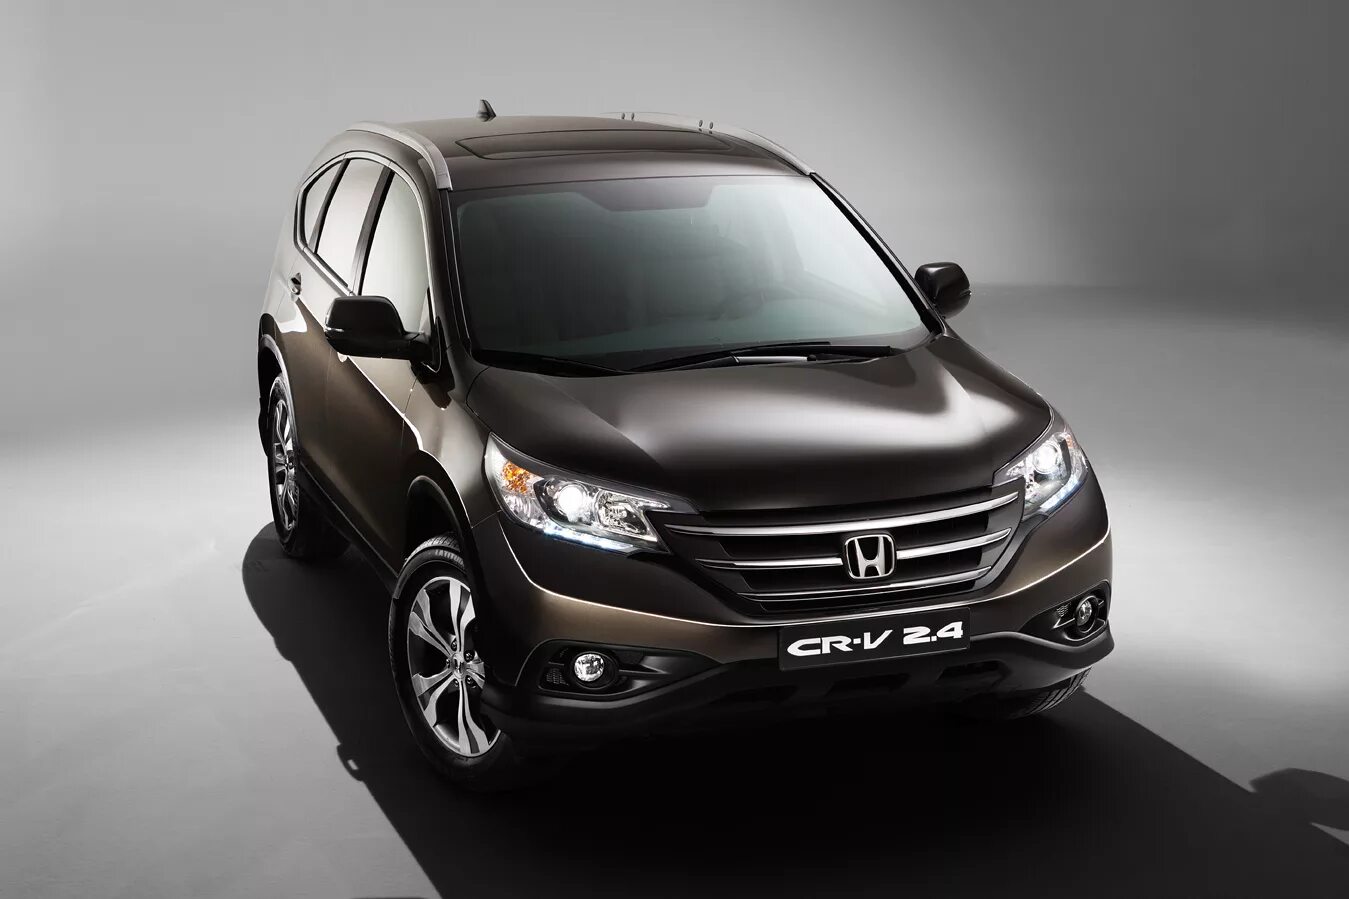 Honda CR-V 2013. Honda CR-V 4 2013. Honda CRV 2013 2.4. Honda CRV 4 поколение. Купить хонду срв автомат
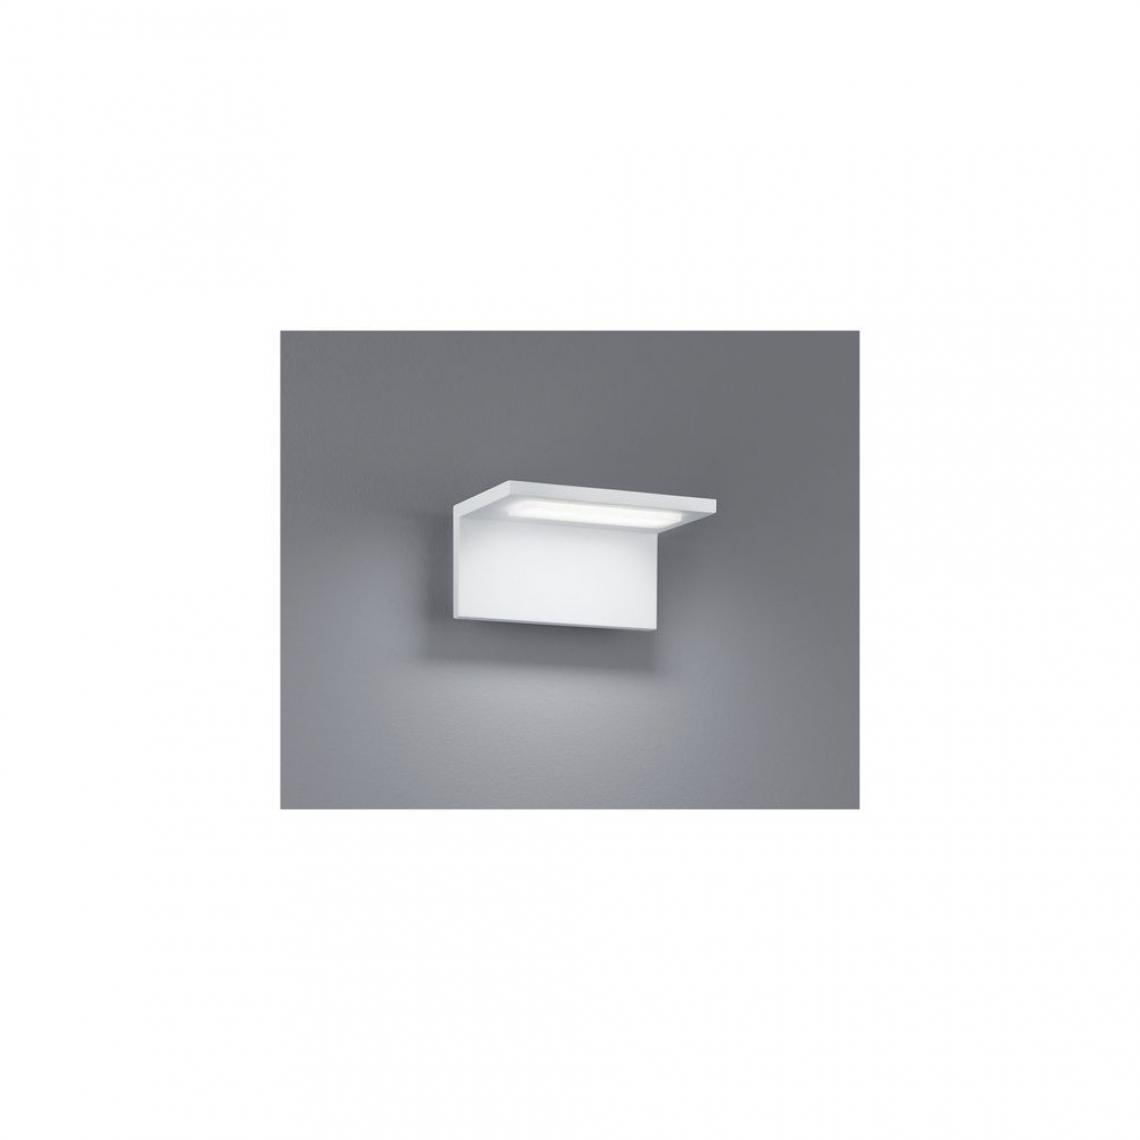 Boutica-Design - Applique Trave Blanc 1x6W SMD LED - Applique, hublot
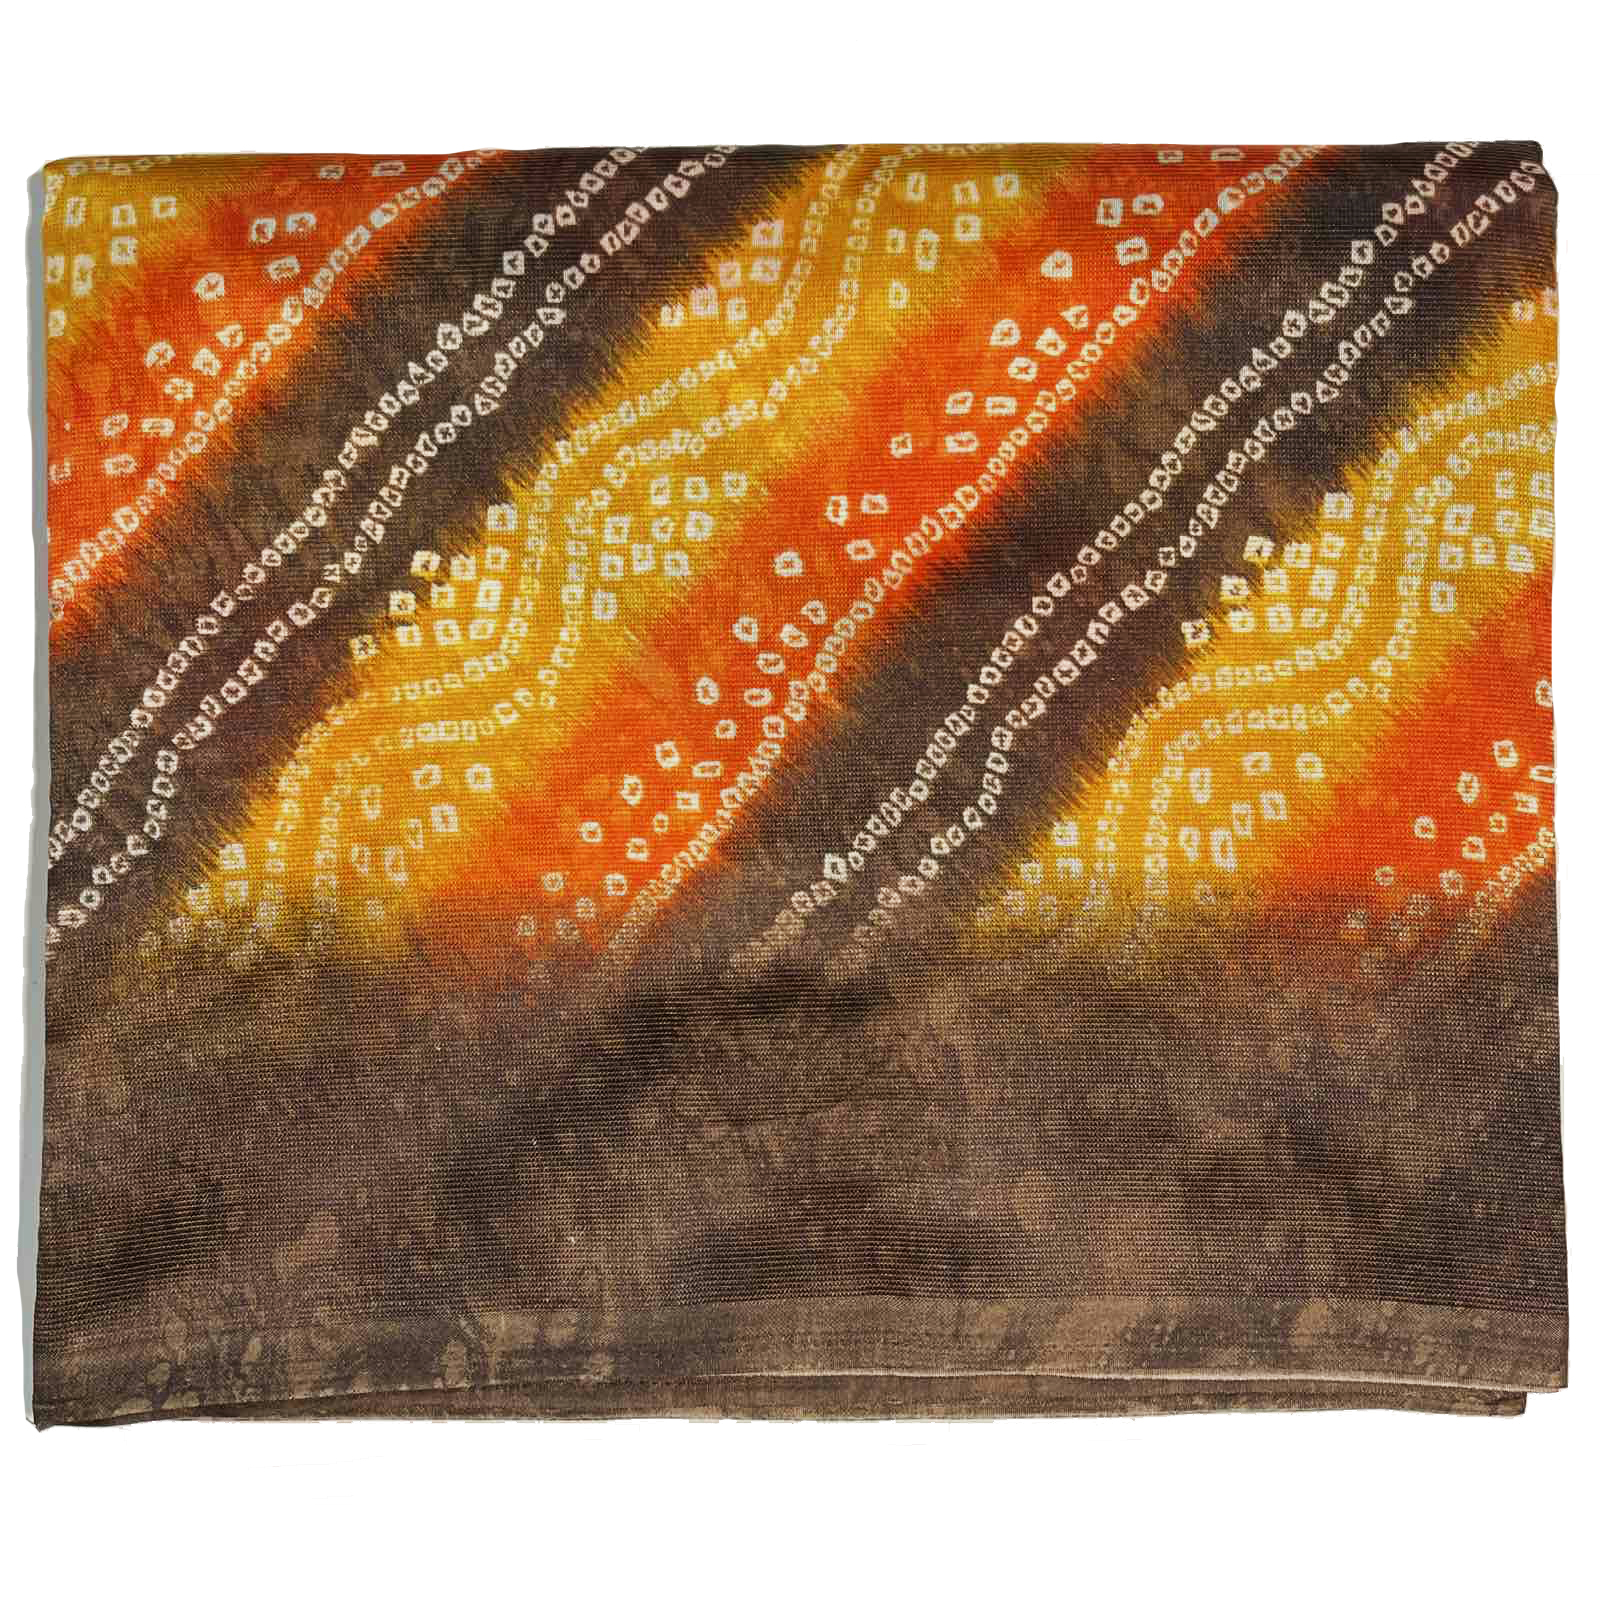 Сари ISHITA HOUSE, Kareena, с печатным принтом БАНДХАНИ, цвет КОРИЧНЕВЫЙ (Size: Onesize, с отрезом для блузы), 1 шт.

# Problem to solve
In your copy, omit the pictures and restate every line of the data word for word.

# Written answer
 Honda CR-V 2013. Honda CR-V 4 2013. Honda CRV 2013 2.4. Honda CRV 4 поколение. Купить хонду срв автомат
 Boutica-Design - Applique Trave Blanc 1x6W SMD LED - Applique, hublot
 Сари ISHITA HOUSE, Kareena, с печатным принтом БАНДХАНИ, цвет КОРИЧНЕВЫЙ (Size: Onesize, с отрезом для блузы), 1 шт.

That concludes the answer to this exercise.